2 talks (not necessarily in order) -->
Food/drinks/merriment provided by Yelp!
Using Beam and Flink to power Yelp’s real time indexing pipeline
Today, Yelp’s streaming infrastructure powers a variety of critical use cases. The data processing pipelines used by our Ranking Platform team to index documents in Elasticsearch are one of such critical systems that is now fully powered by streaming. Each indexing pipeline is a complex DAG of data transformations that involve joining, filtering and manipulating data from different sources. While some of these transformations can be expressed using SQL queries powered by Flink SQL, many others require business logic that has been implemented over the years in Python libraries. Thanks to its Python SDK, Apache Beam allows Yelp to fulfill this use case, by providing a rich API for stream data processing. In this talk, we’ll present how we introduced Apache Beam in our Apache Flink based data pipeline, the challenges that we faced along the way and how we are using Beam to power one of our indexing pipelines in production.
Speakers bio #1:
Guenther Starnberger is a Software Engineer at Yelp. As Search Infrastructure Tech Lead, he architected and implemented a new microservice-based search stack using Elasticsearch as the primary backend. Prior to that he worked as a Research Assistant at the Distributed Systems Group of the Vienna University of Technology where he also received his doctorate. He currently works on integrating Apache Beam into Yelp’s streaming infrastructure.

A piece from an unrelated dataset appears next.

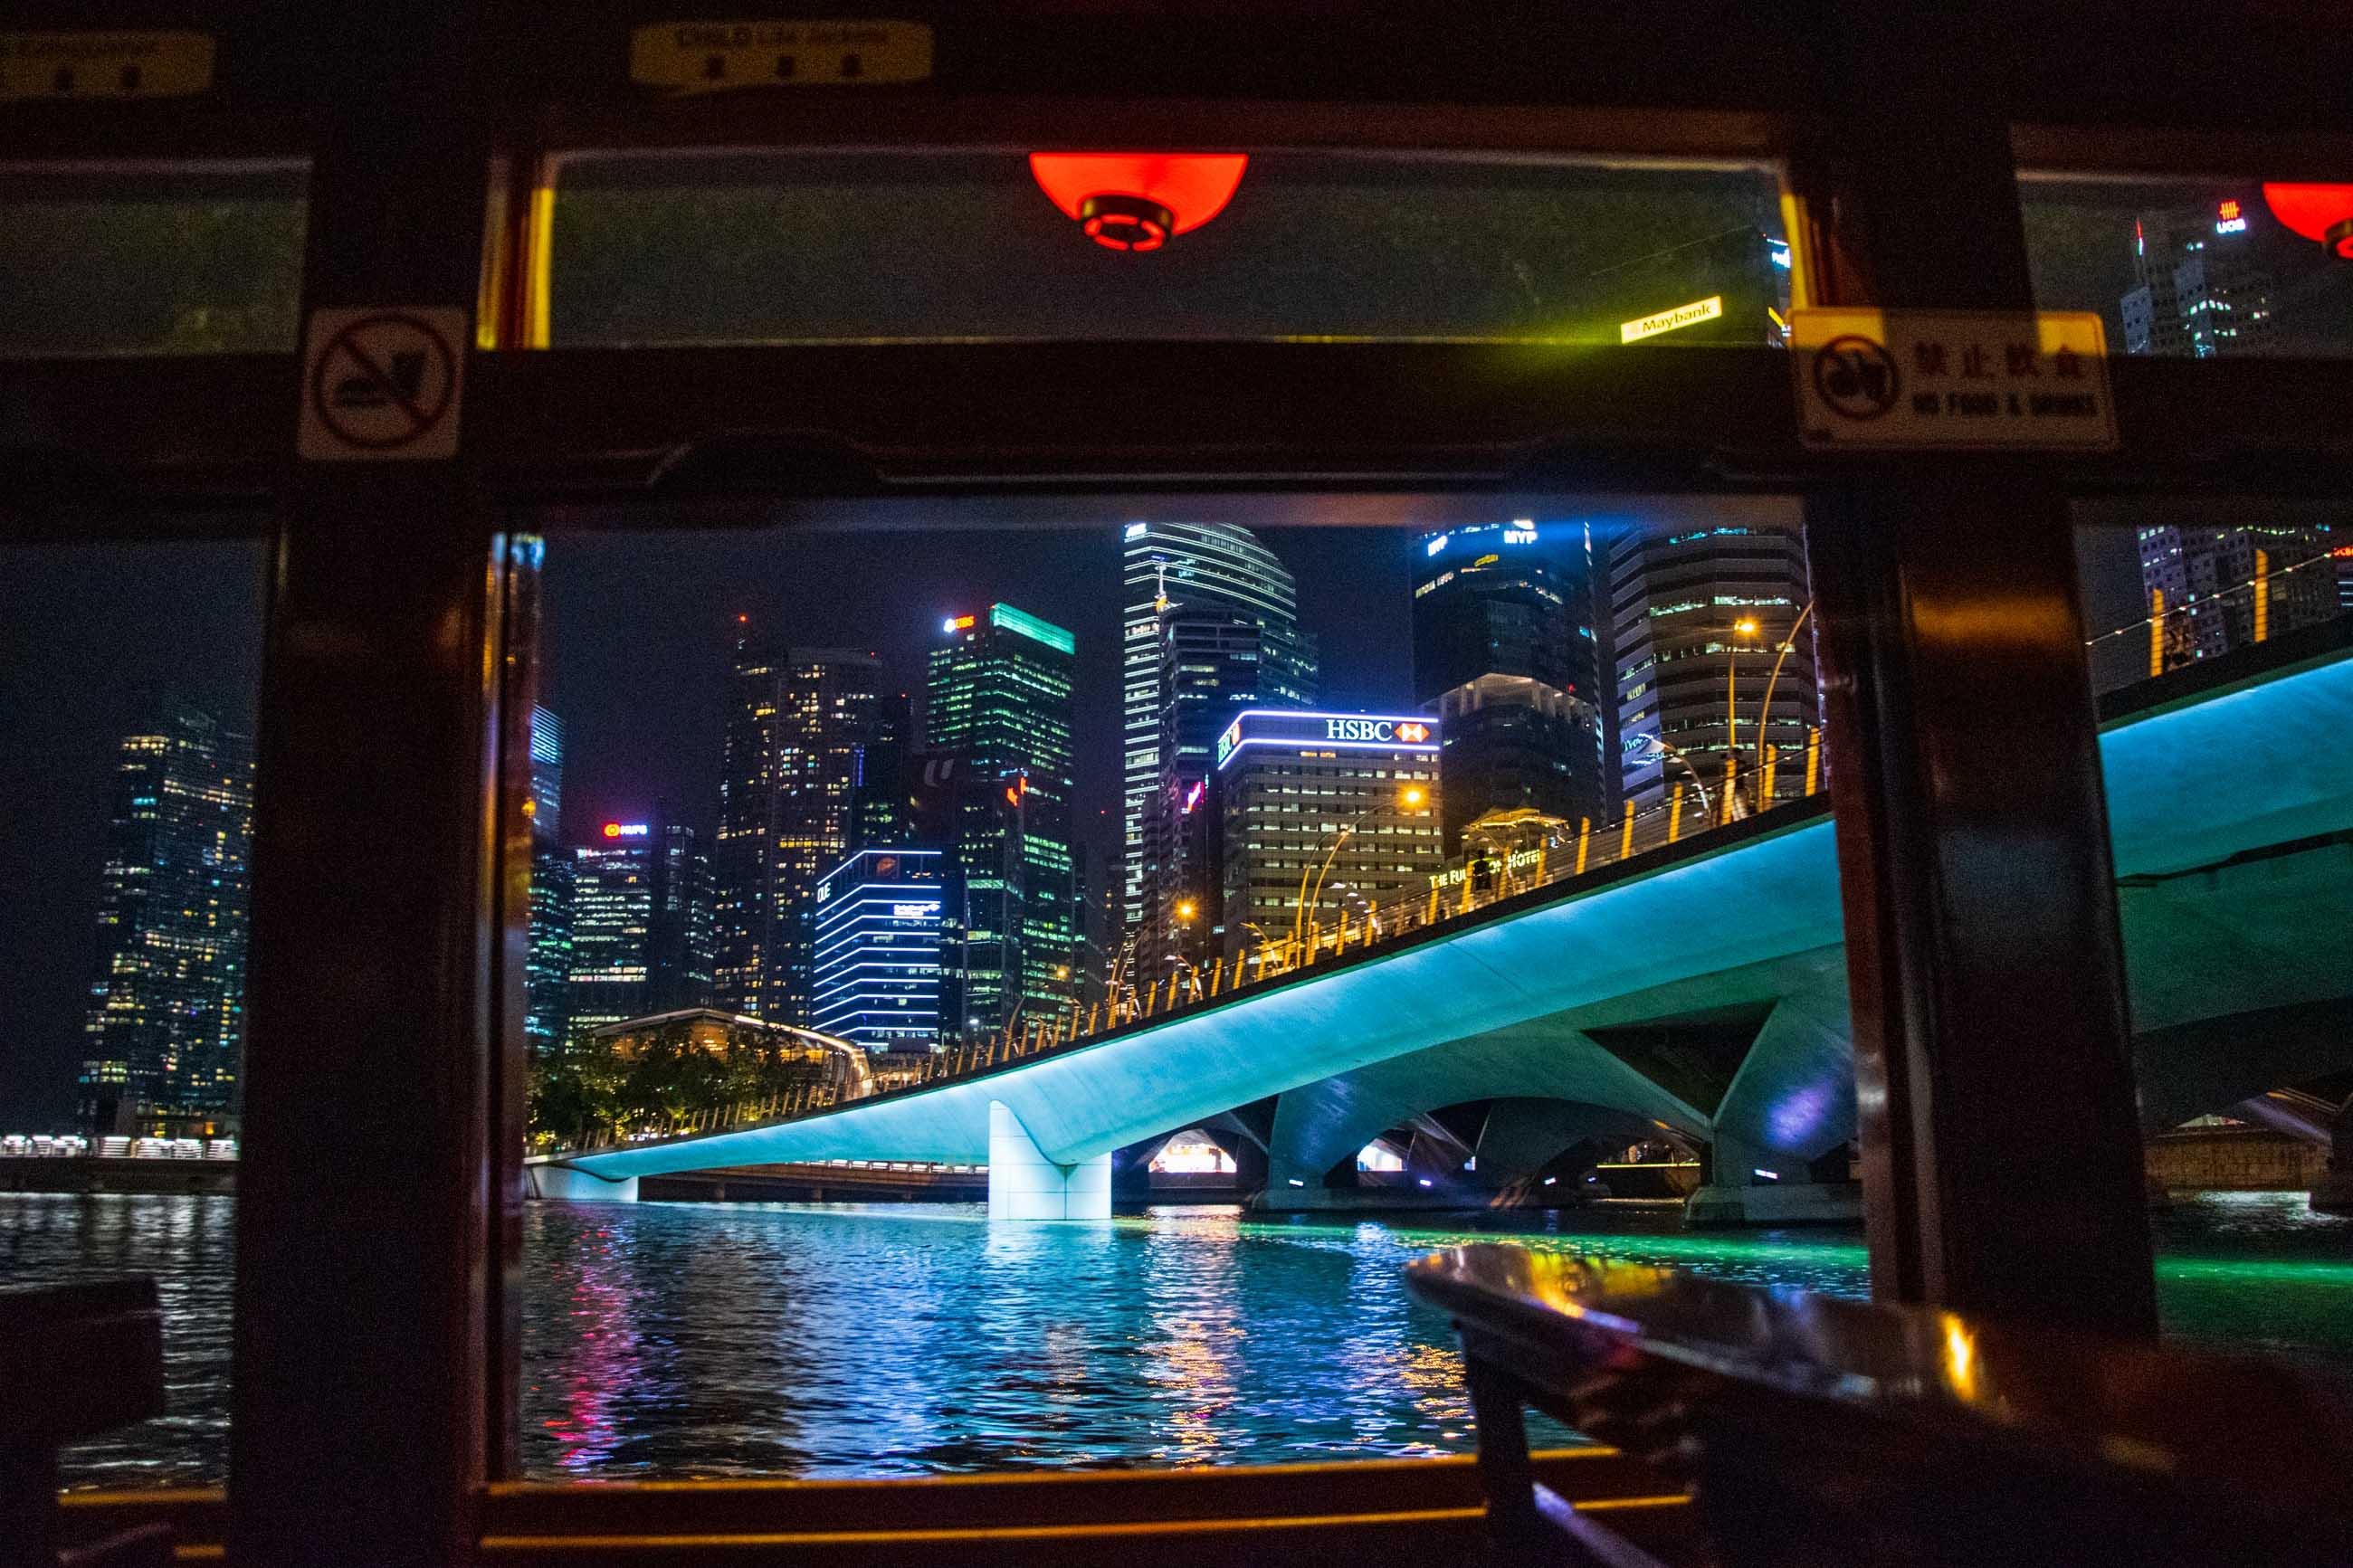 https://bubo.sk/uploads/galleries/5061/adam_zahorsky_singapur_dsc_0763.jpg

Enrico works as a tech lead of the Data Infrastructure at Yelp, designing, building and maintaining data streaming and real-time processing infrastructure. Since 2013 he’s been working on real-time processing systems, designing and scaling Yelp's data pipeline to move and process in real-time hundreds of terabytes of data and tens of billions of messages every day. Enrico loves designing robust software solutions for stream processing that scale and building tools to make application developers’ interaction with the infrastructure as simple as possible.
Title for #2:
A crash-course introduction to Apache Beam Python SDK.
Apache Beam provides a simple, powerful programming model for building batch and streaming parallel data processing pipelines. The Apache Beam SDK for Python provides access to Apache Beam capabilities from the Python programming language. In this talk we will give a high-level overview of Python SDK, and discuss recent improvements in Beam portability, customizing Python runtime environments, and support for Python3-style type hints (PEP 484).
The talk may be interesting to both new and seasoned users of Beam as well as Pythonistas not (yet) familiar with Beam.
Udi Meiri is a Software Engineer in Google Cloud Platform and an Apache Beam committer. Most recently Udi has been working on strengthening type inference capabilities in Beam Python SDK, Beam IO connectors, and improving developer experience.
Valentyn Tymofieiev is a Software Engineer in Google Cloud Platform and an Apache Beam committer. Most recently Valentyn has been coordinating the efforts to offer Python 3 support in Apache Beam and Google Cloud Dataflow.